George Will, not someone I generally agree with, published, on about the same day, an essay that discusses why people 45 and older are disgusted with the nature of Pro Palestine agitators and demonstrators. It leans heavily on a book by Peter Englund, "November 1942." Two paragraphs:
Since Vietnam, graphic journalism has given us living room wars, but broadcast snippets of combat have drained war of its power to shock. Englund’s more than 400 pages of words, mere words, excavated from experiences 81 Novembers ago, convey war’s “terrible earnestness.”
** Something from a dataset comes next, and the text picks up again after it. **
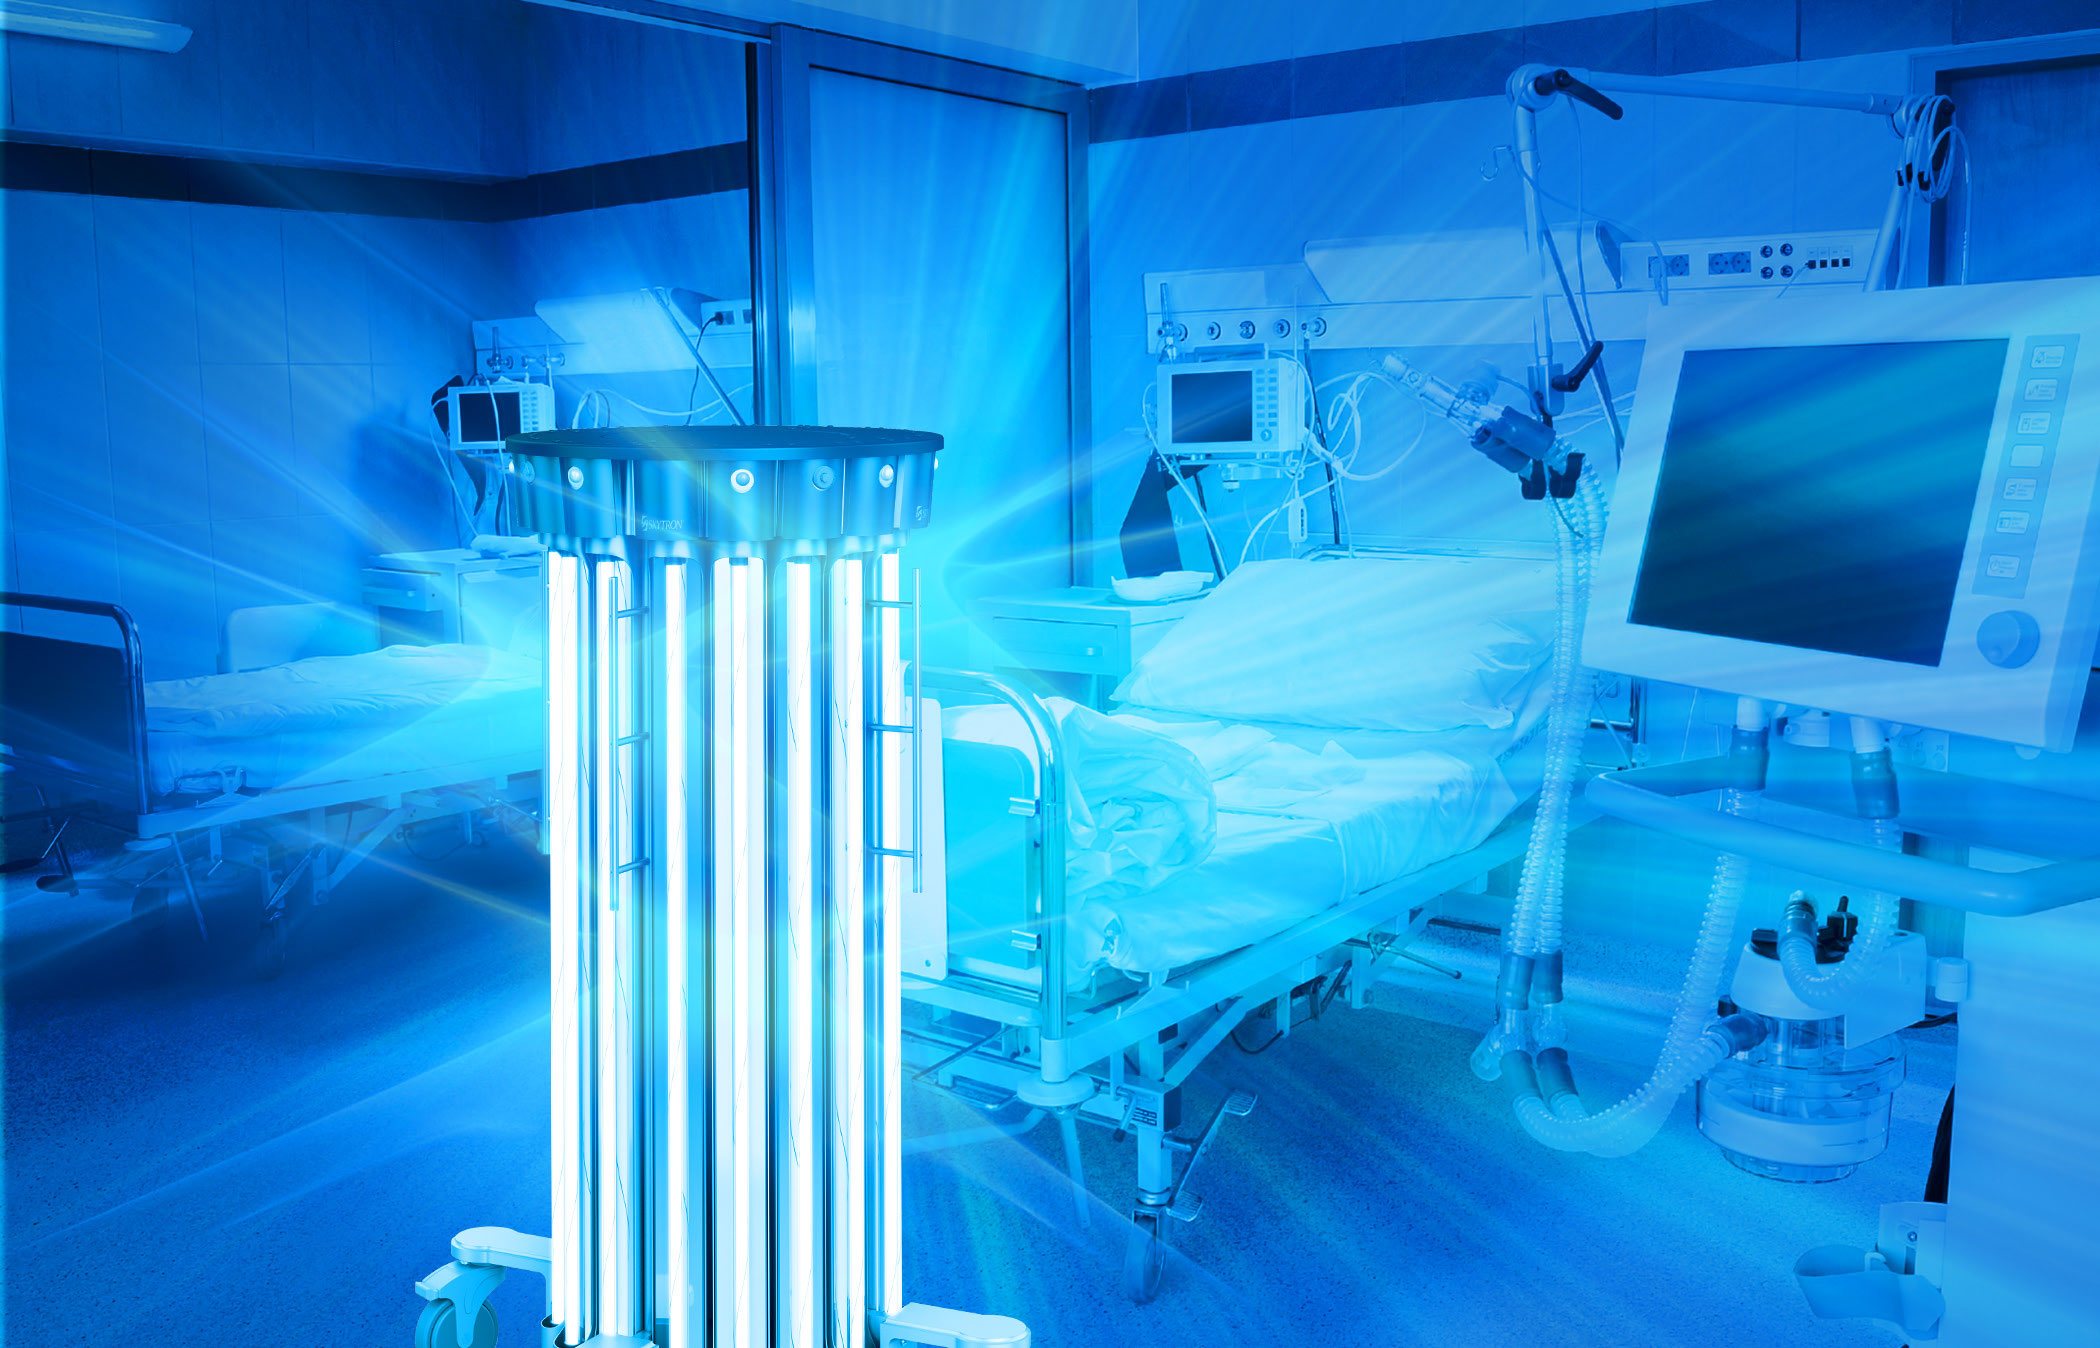 Does UV light kill germs? MUVGI-8 (UV-C) against COVID-19 - Thalheimer
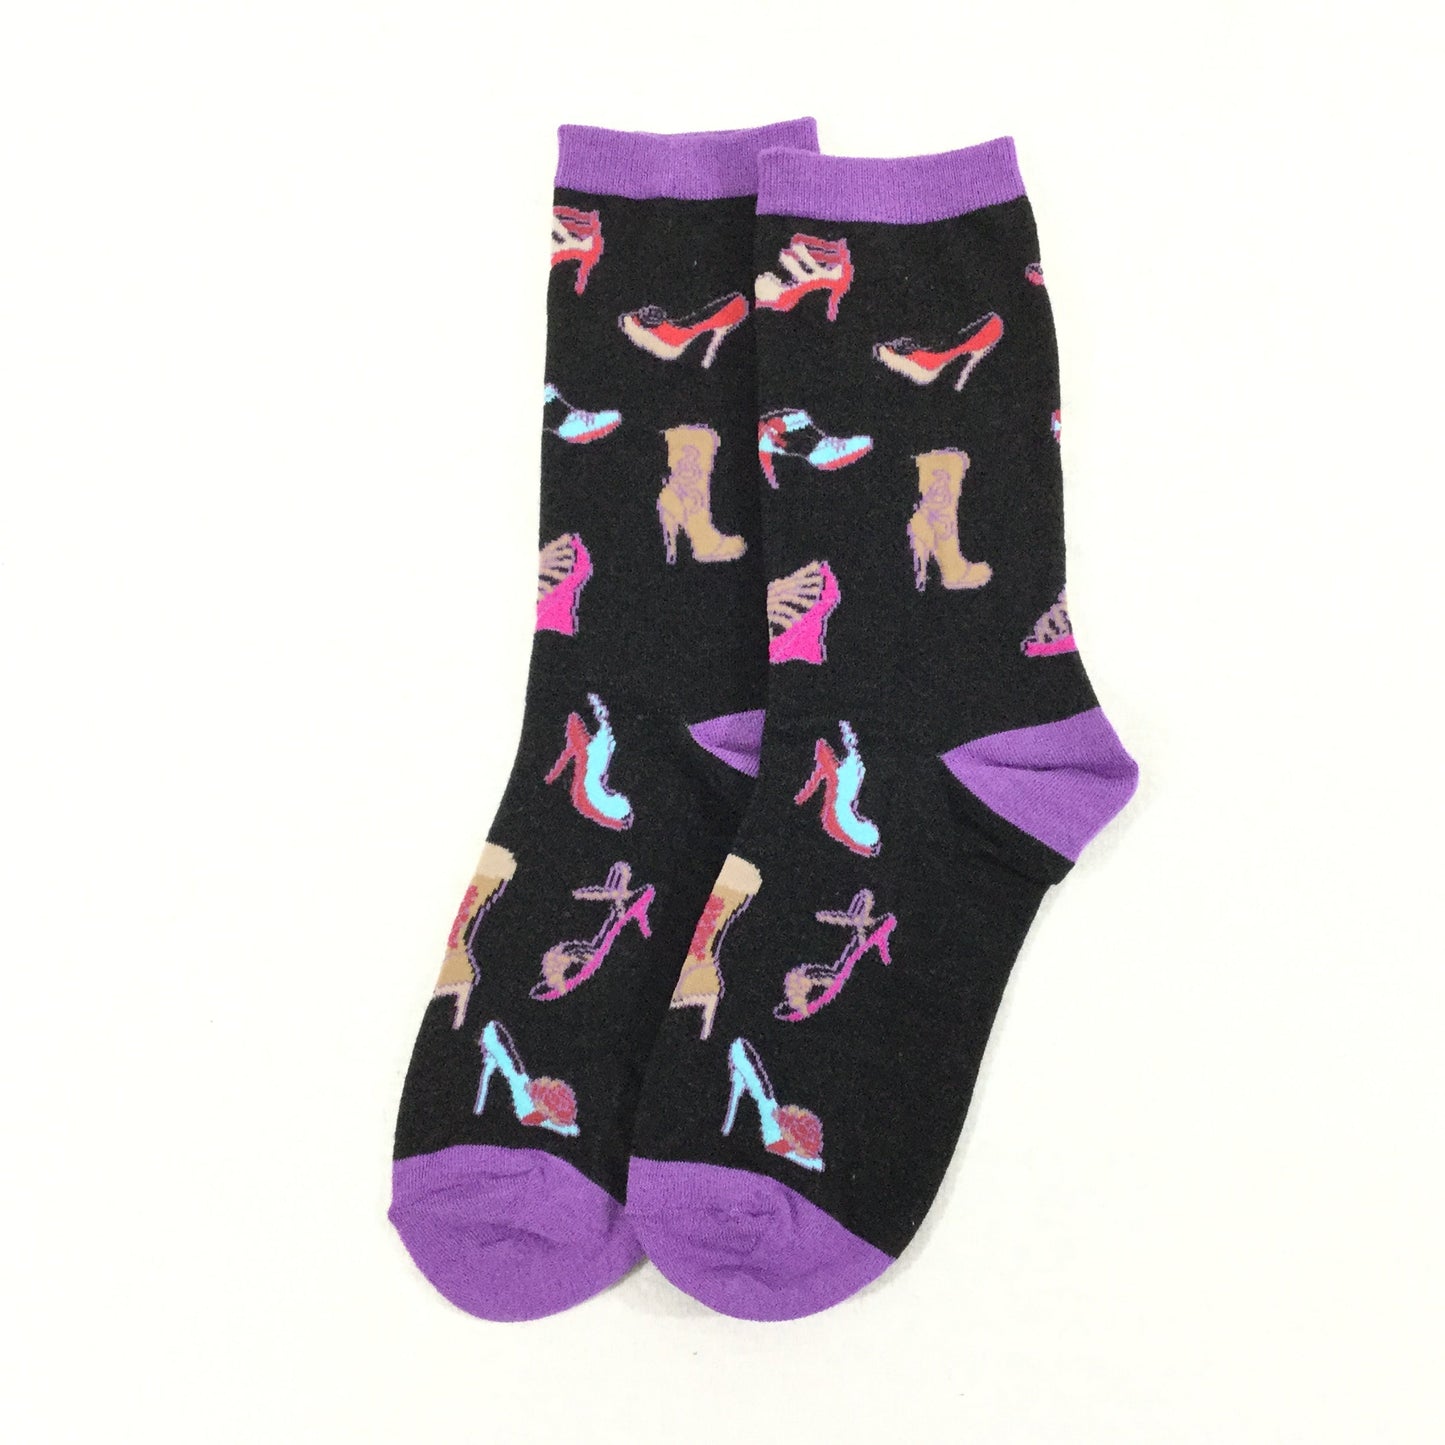 Shoe Lover Crew Socks - Premium simple from Tooksie - Just $7.99! Shop now at Tooksie

Today, academic ethicists at a safe distance are instructing Israel to be “proportionate” in its response to what was done on Oct. 7. Perhaps the students and faculty exhilarated by Hamas need to see pictures of what was done. So, give every U.S. college and university the 46-minute video that Israel compiled from Hamas cameras and other sources, showing the sadists inflicting their carnage. Challenge the schools to screen it. This would be disturbingly educational, but the schools, many of them uneasy about such things, should do it anyway.
Seen
The Benefit Concert
For Kibbutz Be'eri that I went to. It was sold out. On the left below is the pianist. On the right the vocalist. They were joined by a vocalist from Kibbutz Be’eri who was great.
Relief Area
Alef (2 Min Eretz Nehederet)
Bet
Israeli Ambassador to the U.N. Gilad Erdan displays Yahya Sinwar's number at the General Assembly "If you want a ceasefire - call him"
(This really happened)
Gimmel
Dalet
As mentioned, I expect to skip some days between now and early January. No news means… I did something else that day! The scooter? It is finally listed!
Stay well,
Raf
(Thank you S.F.Z. for content.)
[1] Hamas crimes against Palestinians include: Stealing food (this week) and massive funds--billions of dollars--over the course of 10+ years; Using hospitals, schools, mosques and apartment buildings as locations and/or cover for military facilities; Using deadly force, and killing, while stealing badly needed humanitarian aid from displaced Gazans; Preventing, including by gunfire, Gazans from relocating out of zones being bombed; Summary executions for over a dozen years; Violent repression of women and homosexuals; Blocking exit from Gaza to those who have jobs and university admissions abroad; and much more.